Na ocasião do estudo acadêmico, quase que já não mais havia a prática dessa tradição folclórica. Somente três homens e algumas mulheres sabiam dançar o “samba dos caboclos” e apenas um só homem sabe executar a música (em uma sanfona). Hoje há um movimento que tenta recuperar essa manifestação da cultura popular.
Em estudo mais recente, a antropóloga Susana Rolim Soares Silva, afirma que: “Na atualidade, pode-se perceber que tal expressão cultural consiste numa mistura de samba com danças juninas e é constituída basicamente por três passos: o Martelo, momento no qual os protagonistas, colocados lado a lado, pisam fortemente no chão; Cigana, quando os pares começam a rodopiar pelo salão, equilibrando-se um parceiro no outro na tentativa de se manterem de pé, e o Maracatu. Os instrumentos musicais que dão o tom da dança são: o triângulo, a sanfona e o pandeiro, entre outros”.
A religiosidade dos habitantes do núcleo dos caboclos é um misticismo voltado para uma antiga imagem de São Sebastião, existente na igreja matriz da cidade. Esse “santo” teria sido trazido para Caraúbas em 1750 (ou no final do século), quando foi iniciada a construção da capela que posteriormente foi transformada na igreja que hoje é a matriz da paróquia. Há alguns anos, os habitantes da cidade resolveram comprar uma imagem nova e levar o São Sebastião “velho” para outra capela. Os caboclos não deixaram, inclusive fazendo ameaças. No dia 20 de janeiro de cada ano, elas vão à cidade para acompanhar a procissão do santo “velho”.

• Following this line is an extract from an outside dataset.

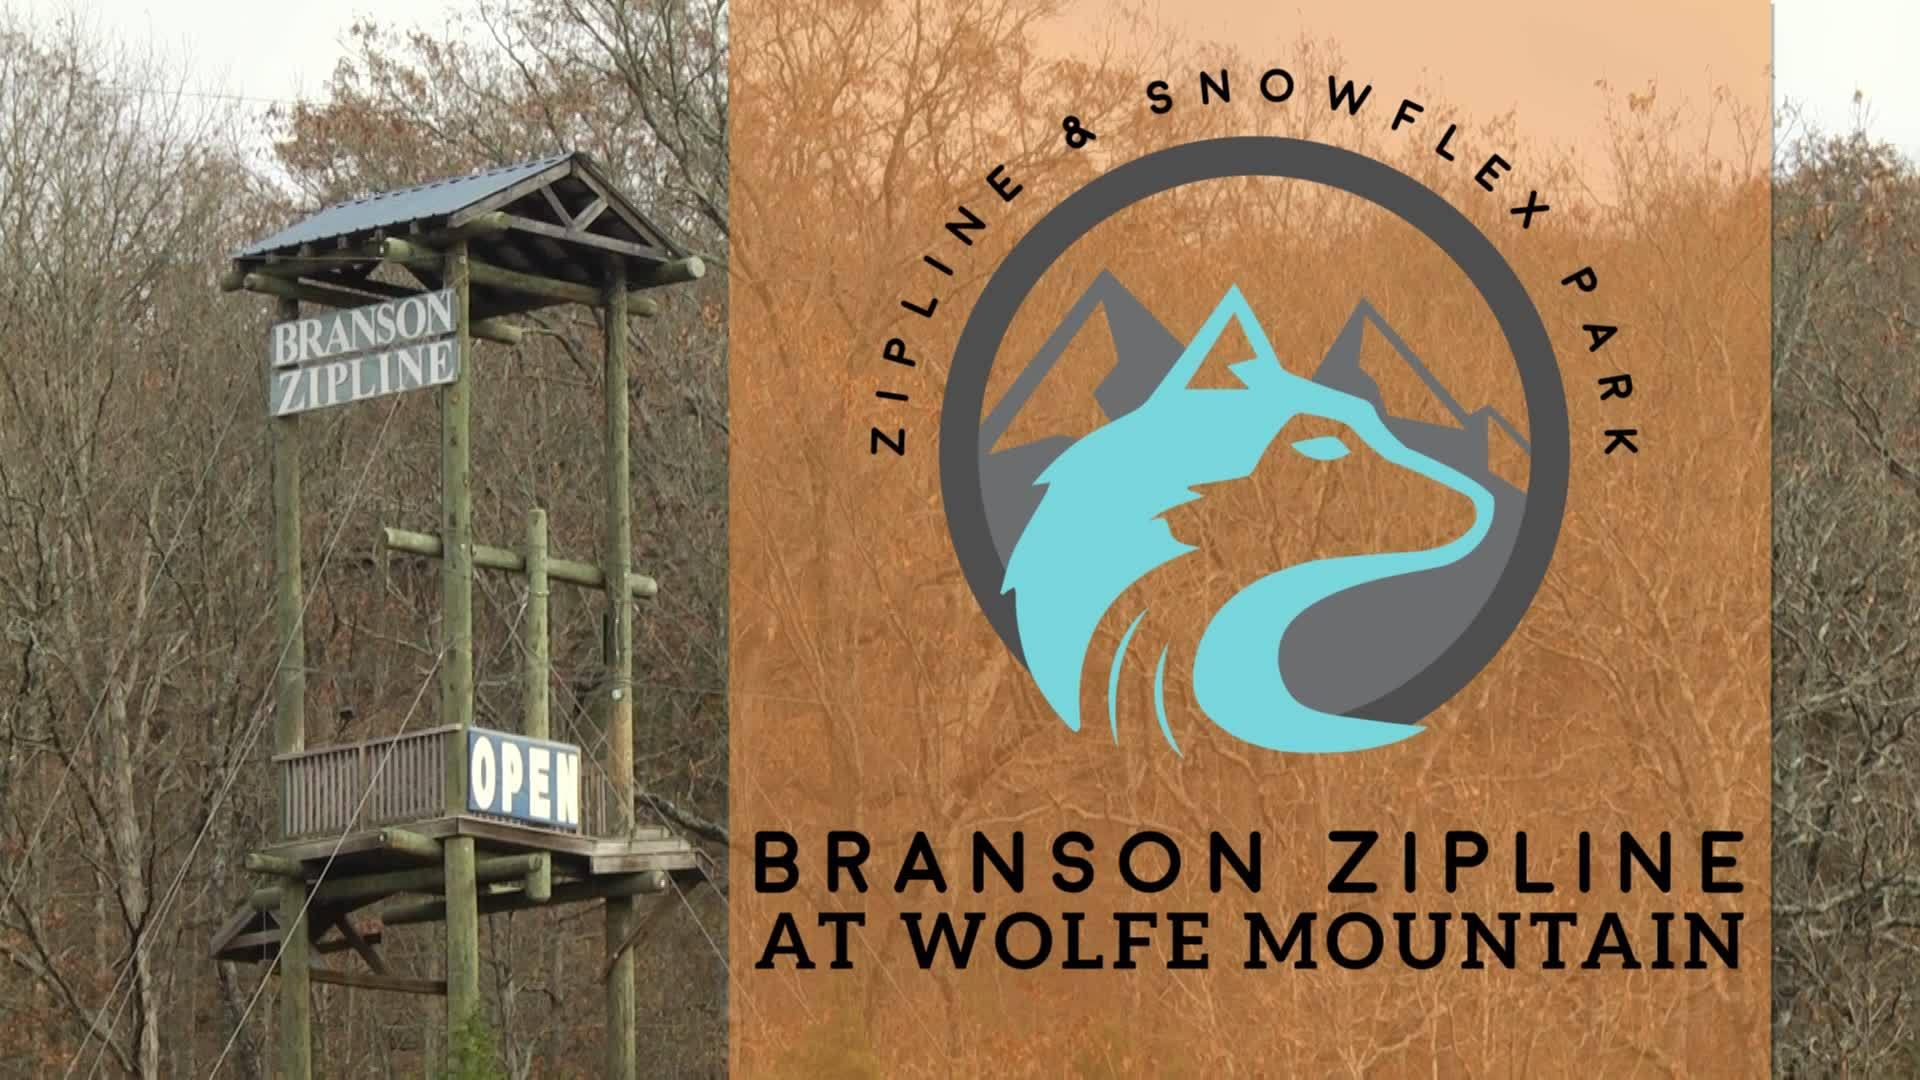 Wolfe_Mountain_Snowflex_Park_in_Branson__0_20180125204934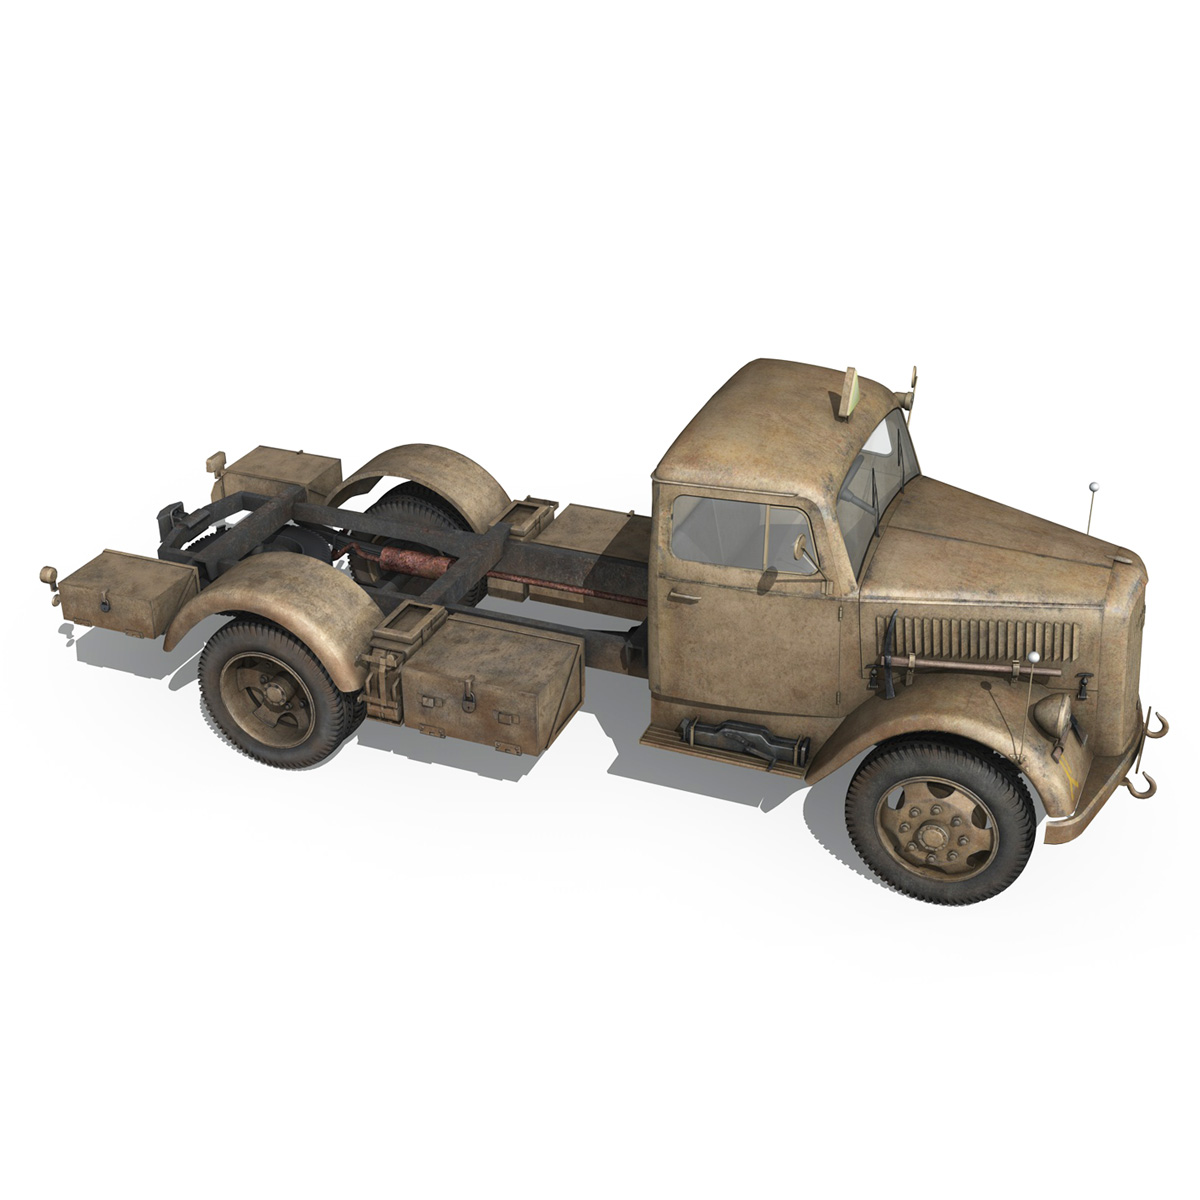 opel blitz – 3t ambulance truck – 2 pzdiv 3d model 3ds c4d fbx lwo lw lws obj 265762

A imagem nova, mais bonita, nem é olhada. O “santo” é o velho, para esses descendentes dos fundadores de Caraúbas, uma das maiores cidades da zona oeste do Rio Grande do Norte. Na festa de São Sebastião, “a cultura cabocla ganha maior visibilidade, legitimação e diferenciação em relação a outros grupos, sobretudo os caraubenses, embora estejam unidos pela religião, pela fé e pela tradição na família vinda de Portugal” – anda segundo Susana Silva.